Several of the “general-use” packages mentioned above provide opportunities for visualizing natural language tags and embeddings. For example, spaCy visualizers [note this one] allow the visualization of color-coded entities – as I describe here (I also describe those CRAFT corpus entity labels here.)

Likewise, I was intrigued by this example, Visualizing spaCy vectors in TensorBoard, on the spaCy examples page.
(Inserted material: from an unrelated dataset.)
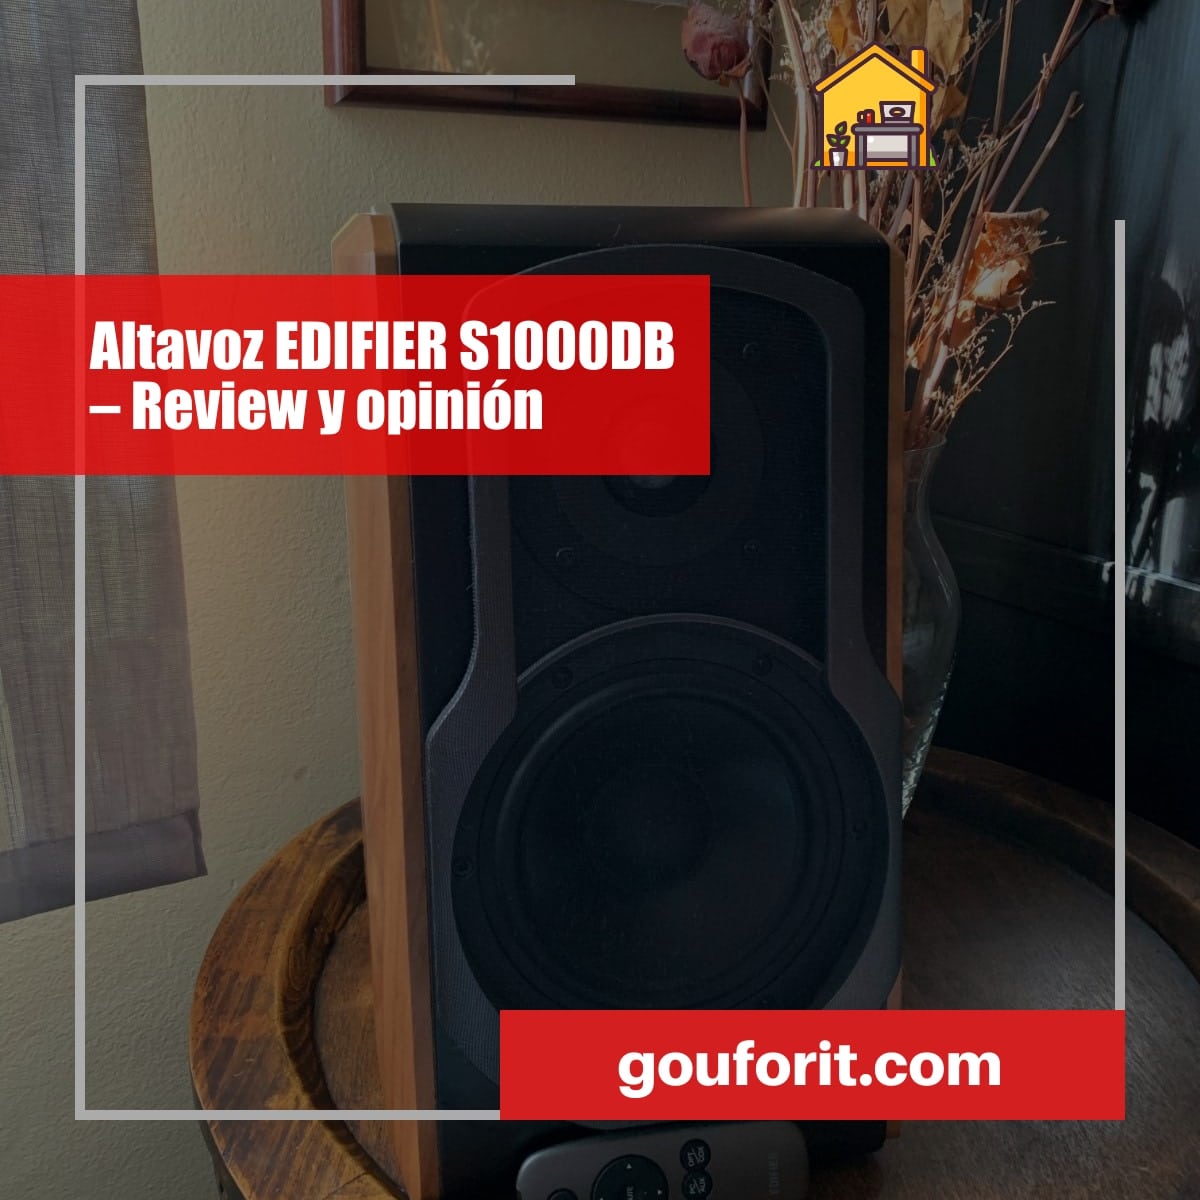 Altavoz EDIFIER S1000DB – Review y opinión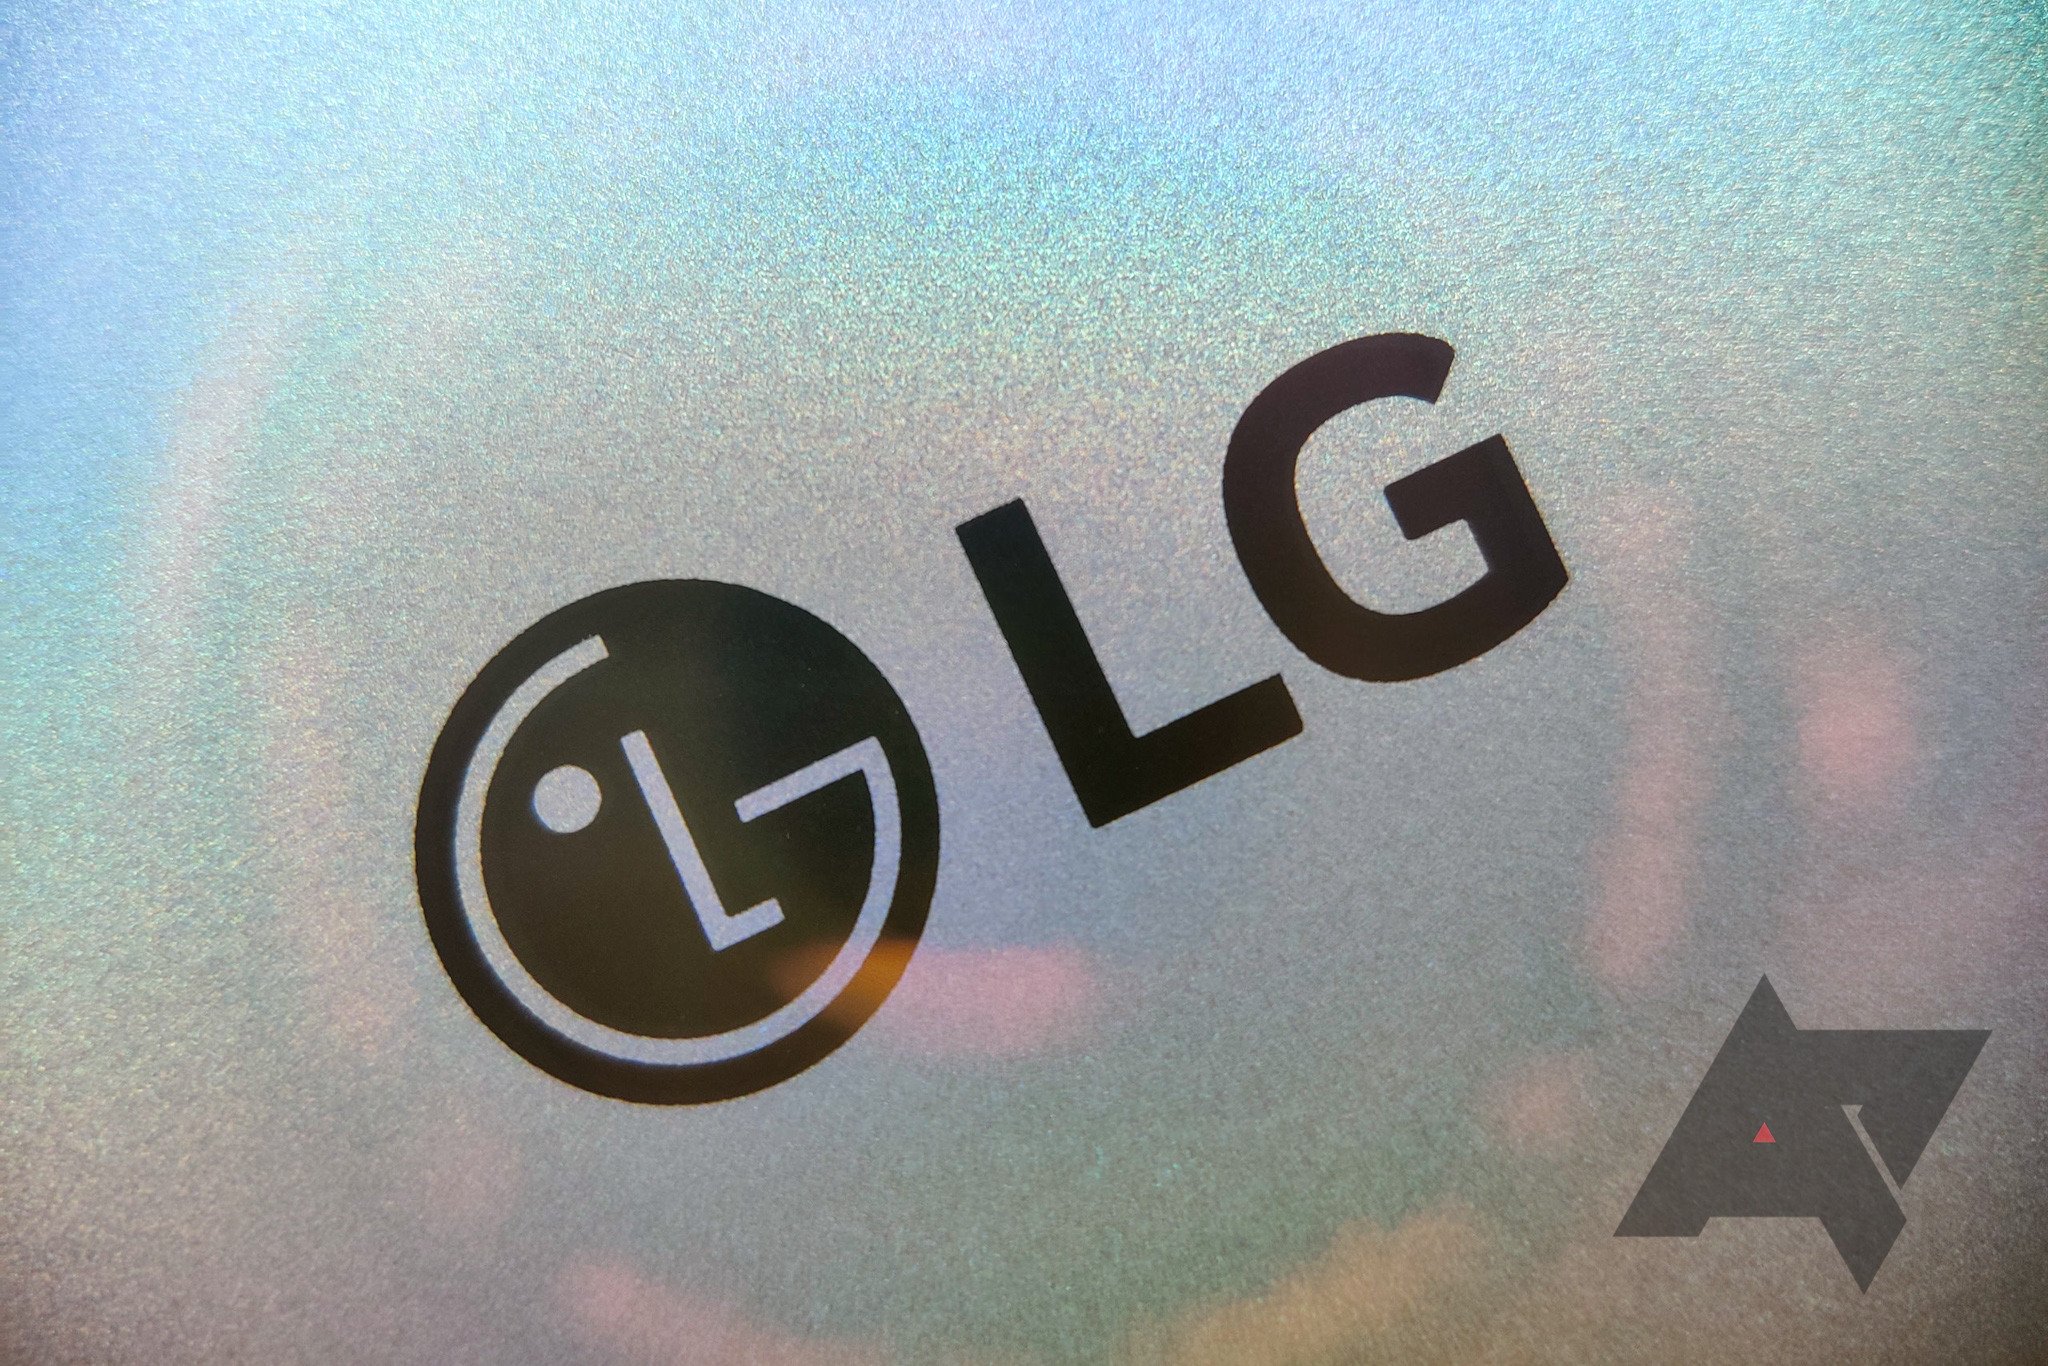 LG реструктурирует бизнес по производству смартфонов

It’s apparently possible to view those embeddings (tensors) in the TensorFlow Embedding Projector [example]!

I was looking at Flair embeddings at the time (2019-11-27; awaiting the anticipated release of a BioFlair pretrained model), so I thought I’d try to demo the viewing of those embeddings in TensorFlow’s Projector.

Note: there is currently (late Nov 2019) a bug in Torch / PyTorch (used by Flair) that prevents the installation of that code in Python 3.8. Consequently, as my Arch Linux environment is Py3.8 and there currently is no Py3.8 install wheel for Torch/PyTorch [screenshot; Py3.8 code expected ~mid-Dec 2019], I cannot currently install Flair in that environment.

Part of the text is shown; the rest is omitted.